一黑色的披风盖在身上,我推开它,一下站了起来,朝寺外空中高挂的太阳,慵懒地伸了一个懒腰。
哇,可真舒服。
我摆动了一下双臂,伸出腿,在空气中甩了甩。一股洪荒之力,从四肢簇拥着,涌上心头,取之不尽,用之不竭。
“云笙,我们动身吧。”我没有回头,想要沐浴在,这充盈的阳光之下,久未见光,才知其温暖可贵。
可过了半晌,都没听到,回复的声音。
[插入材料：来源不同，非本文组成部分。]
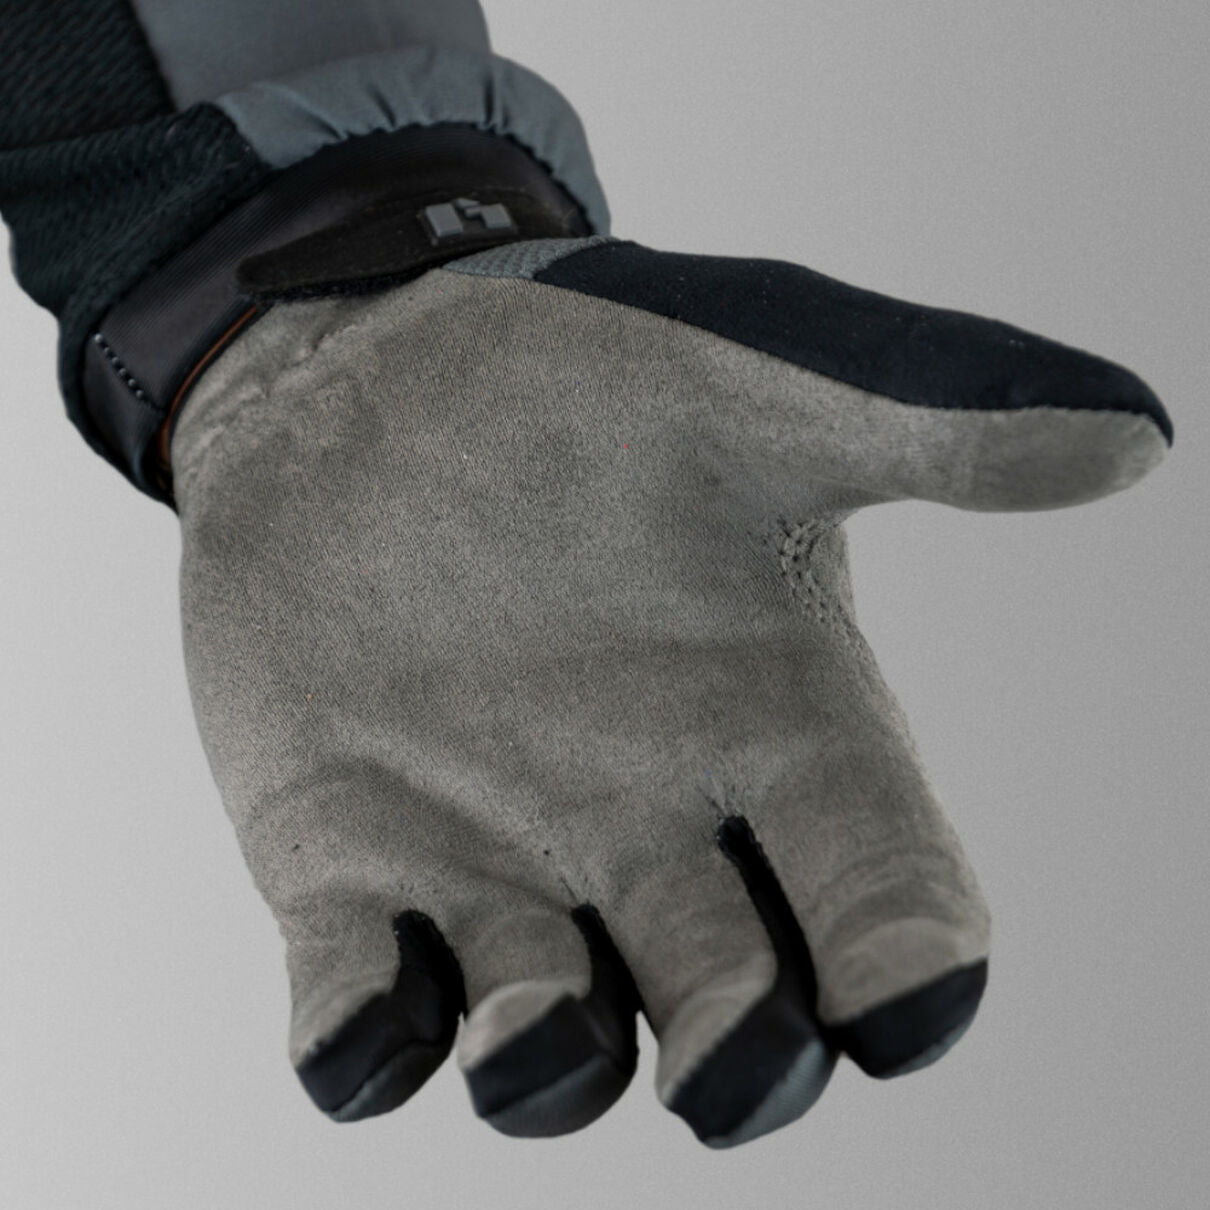 Hebo Trials Glove Nano Pro Grey

我回头望向寺内,四处张望着,却没瞧见,她的身影。
“这丫头,怎么每次都,来无影、去无踪的。”我不禁抱怨道。
重获自由,我巴不得,能浪迹天涯,无牵无挂地活在这世上。
按理说,我大可乘机,远走高飞。可她毕竟救过我,这些时日,又是无微不至,衣不解带地照顾我。
能在这么短的时日,恢复元气,神采飞扬,都多亏了她。
可我这么一个向往自由的人,她现在好像就成了我的一个包袱,想拎却拎不起来,想甩又甩不掉。
算了,去寺外周边转转。虽说大体上病愈伤合,但卧躺这么些时日,我的筋骨都没活动开来。
前脚刚踏出寺门,一个熟悉的身影,出现在我眼前。
“你要是,再不和我说一声,就离开。我就丢下你,一个人远走高飞!”我斜视着她,没好气地说道。
其实我是装的,只是想吓吓她。她同我一样,我们都是漂流之人,没有亲人,没有家。
她没有被我的话吓到,也没因那番忘恩负义的话而生气,嘴角微微上扬,轻笑了一声,说道:“你不会的!”说着,朝寺内走去,身后背着一个包裹。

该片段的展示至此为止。